In their book, Getting to Yes, and in their work at the Harvard Project on Negotiation, Dr. Roger Fisher and William Ury suggest that in a well planned and well conducted negotiation:

•   Interests and Needs. The agreement must satisfy both sides' underlying interests and
    needs enough to be durable. Learning to get below your counterparts' positions to
    their driving interests and needs is key to crafting an agreement that lasts.

•   Alternatives. Both sides have to conclude that the outcome of the agreement is better
    than their best possible alternative. As you clarify your own BATNA – your Best
    Alternative to a Negotiated Agreement – and work to make it even better, you build a
    realistic sense of your own power and avoid coming to agreements that are not good
    for you. As you identify your counterparts' BATNA and its limits, you further strengthen your sense of your own
    options.

•   Options. Ideally, the agreement is as good for each as possible, is the best solution of all the
    possible options. As you focus on interests and needs instead of positions, you'll be able to
    multiply options for mutual gain, in order to arrive at what Fisher and Ury call an elegant
    solution. This allows you to look for ways that the solution can be made better for them
    without being worse for you, and better for you without being worse for them.

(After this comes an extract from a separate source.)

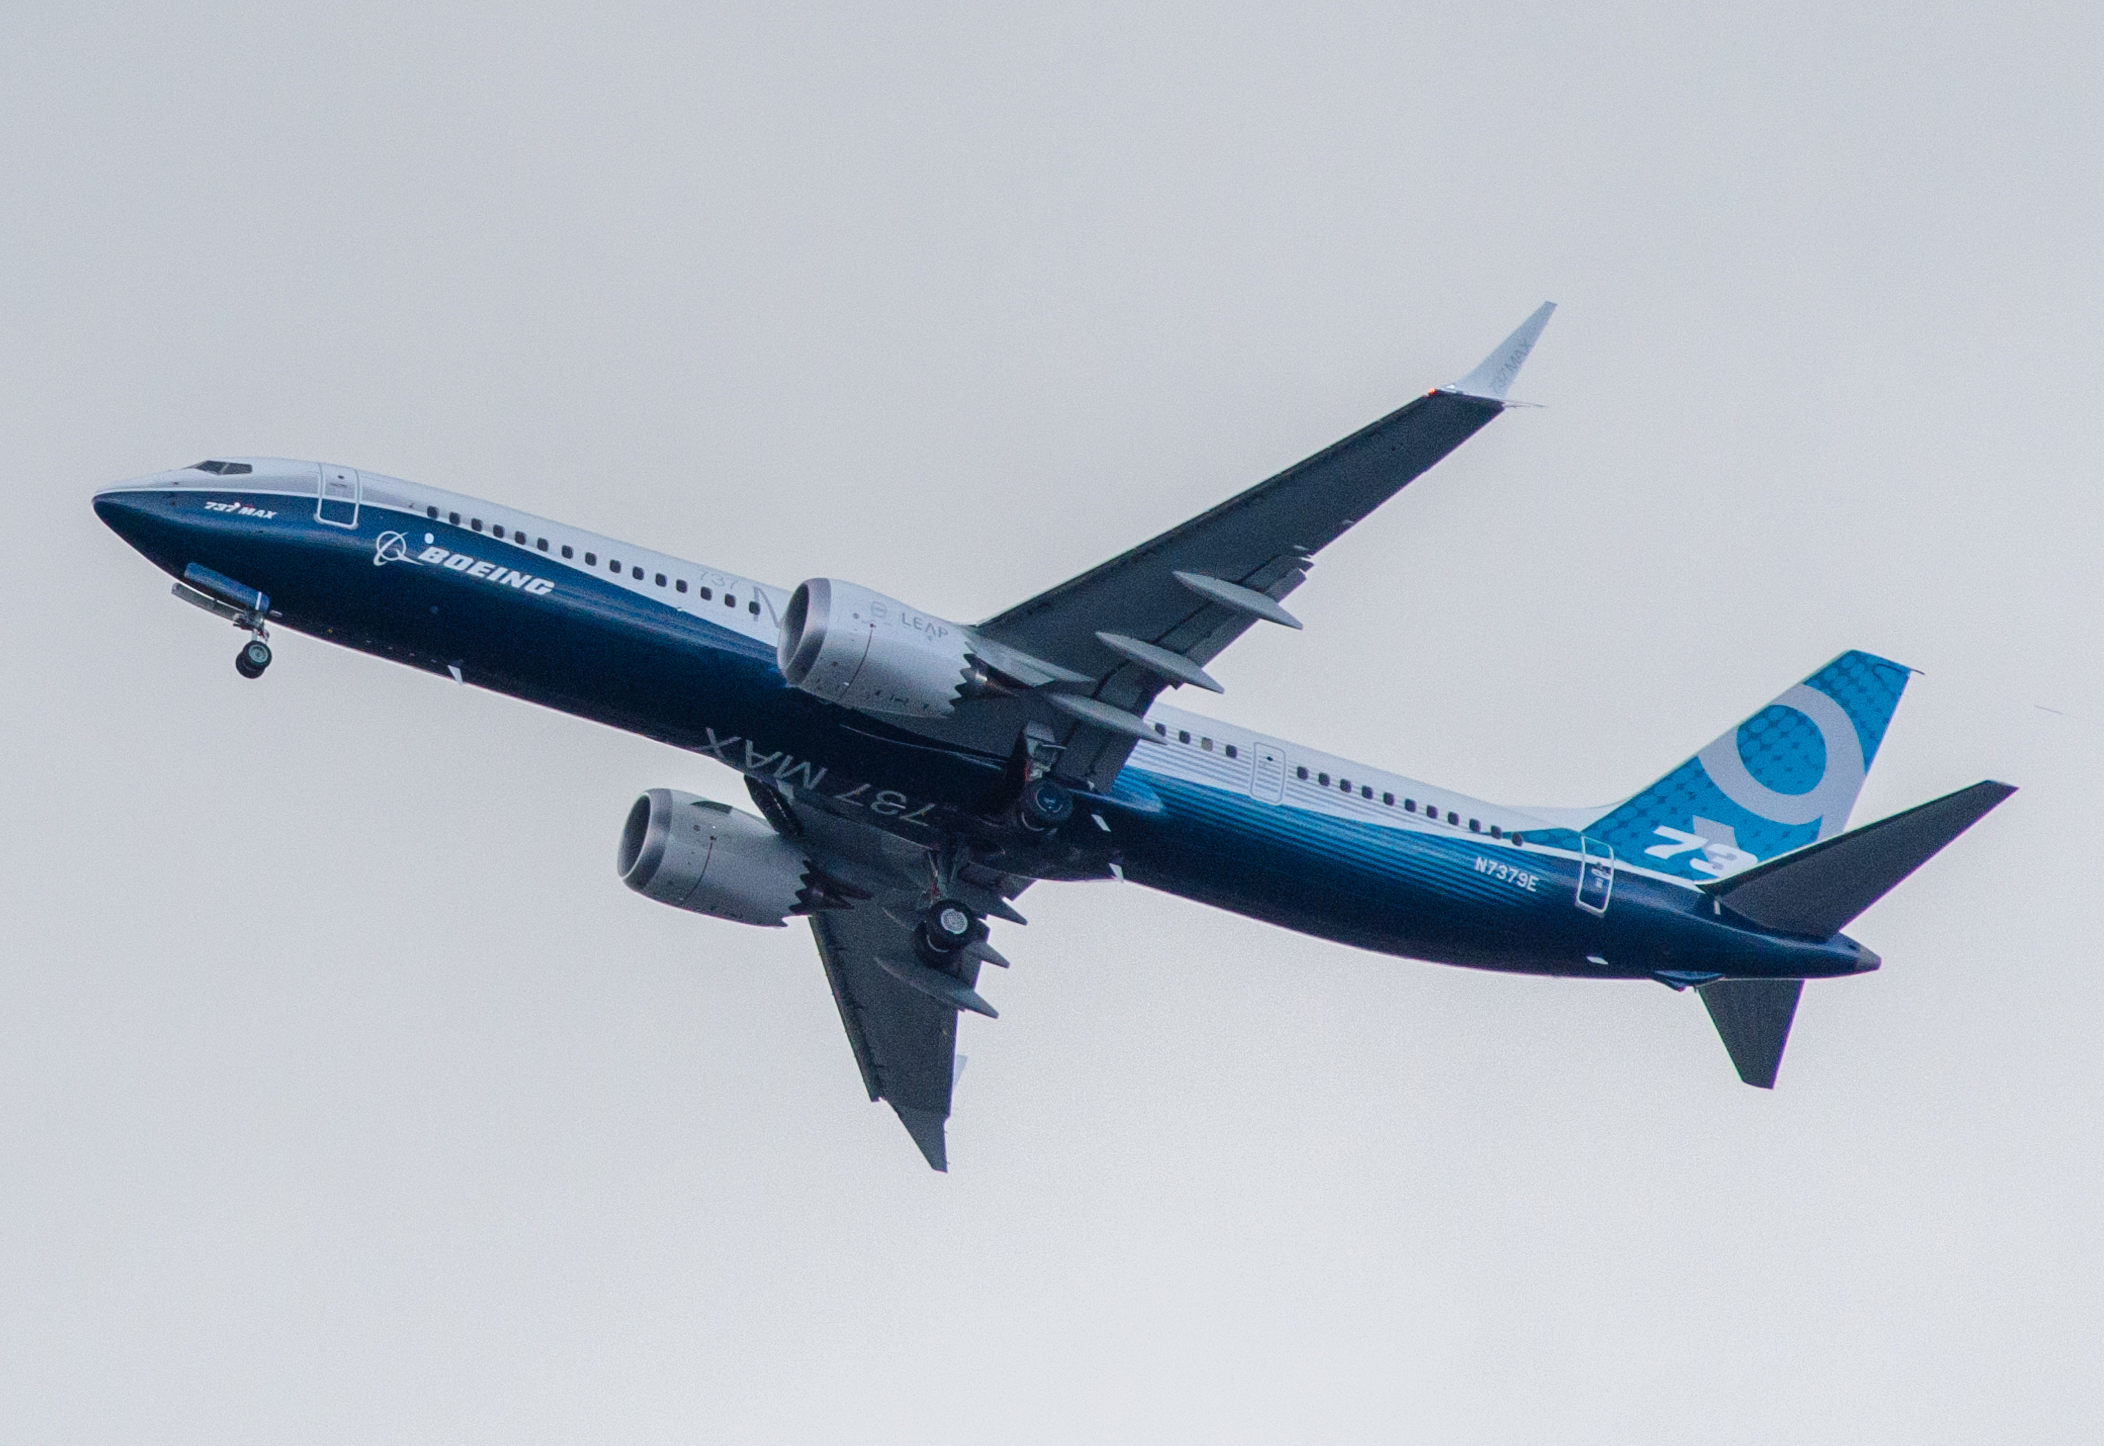 UPDATE 4-Boeing profit slumps 53% as MAX crisis deepens
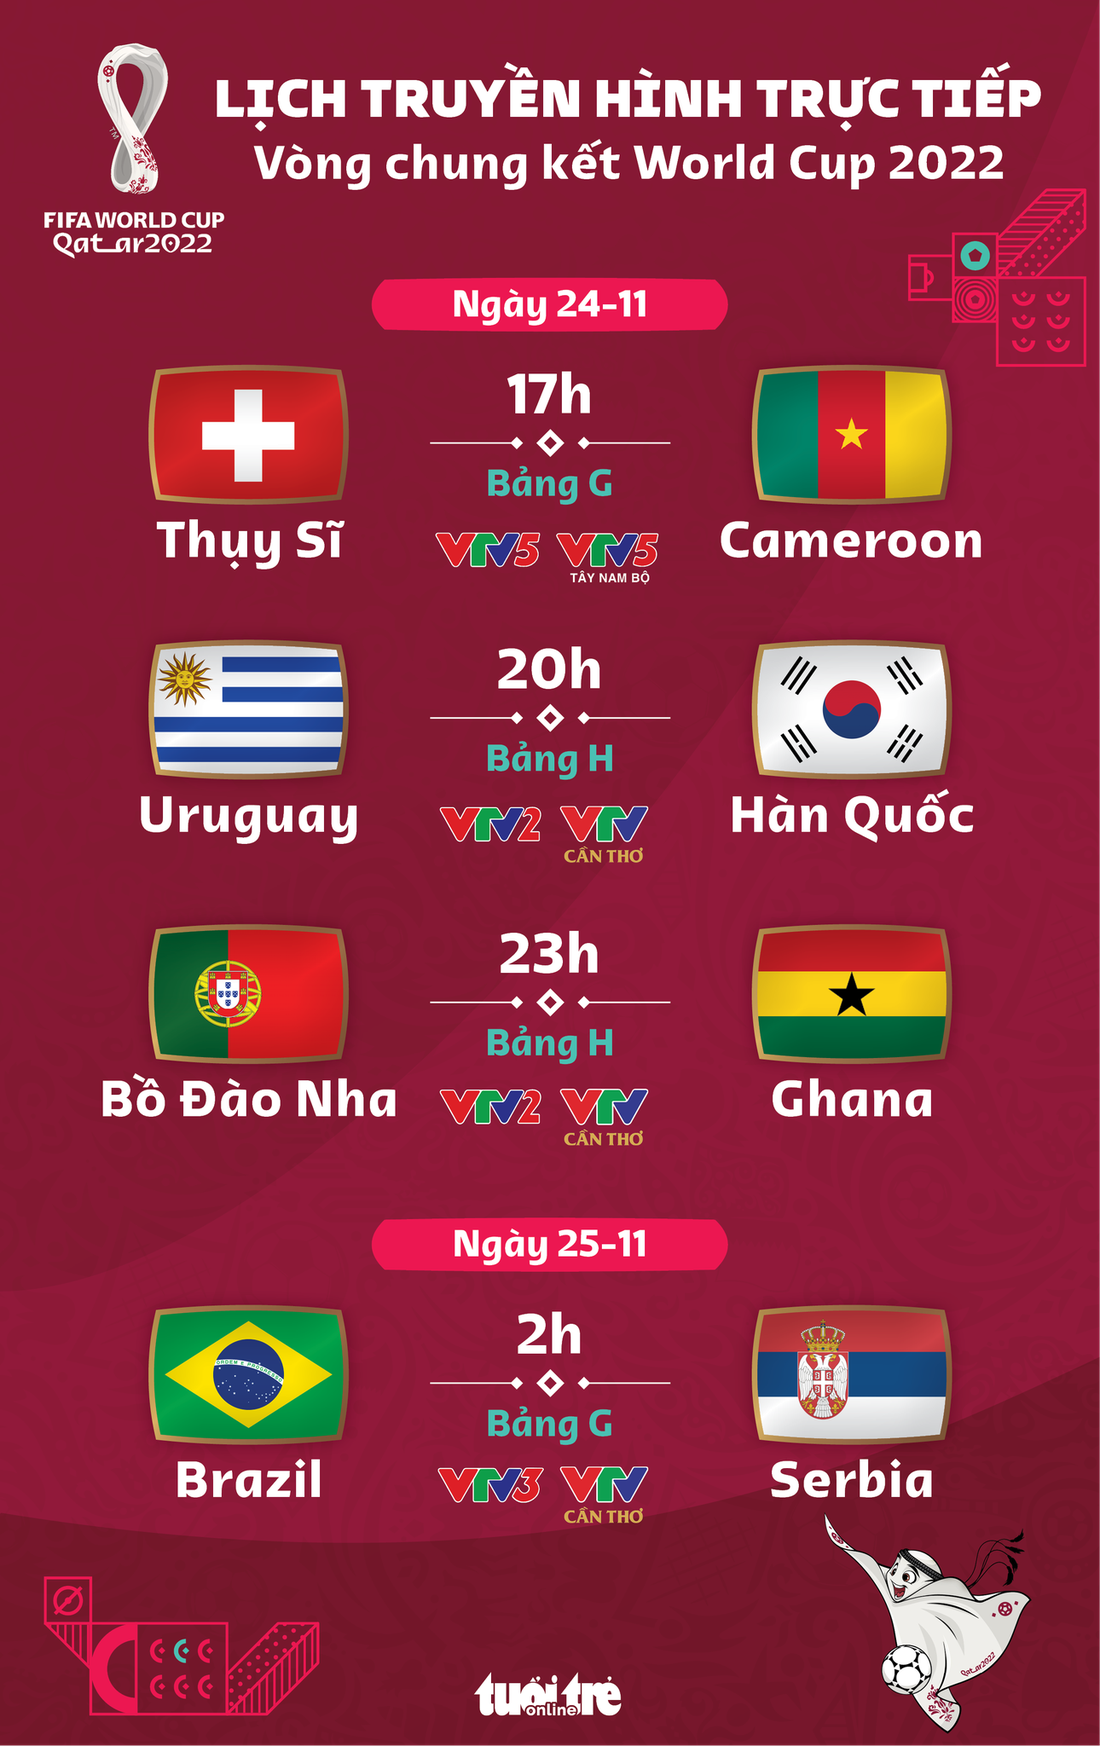 Lịch trực tiếp World Cup 2022 ngày 24-11: Bồ Đào Nha gặp Ghana, Brazil đụng độ Serbia - Ảnh 1.

•   Legitimacy. Even for those items that are in dispute, the process for resolution or the criteria
    used for coming to a solution should be seen as legitimate by each side, so that neither feels
    coerced or abused. Each can then support the outcome, even though specific elements of the
    agreement might be less than optimal to them.

•   Outcome. In a good outcome, the commitments that are made are operational, realistic, well–
    planned, and agreed upon. As you look at the outcome of your agreements, see if they
    pass the test of specific, agreed upon, and operational.

•   People. And, in a good outcome, the relationship is not worsened. Participants learn to
    separate the people from the problem, and to work together to maintain or strengthen
    the relationship, even while addressing the opportunity or the problem on its merits.


These concepts permeate every aspect of the design of the Negotiating Solutions® workshop. Participants play with them throughout the program.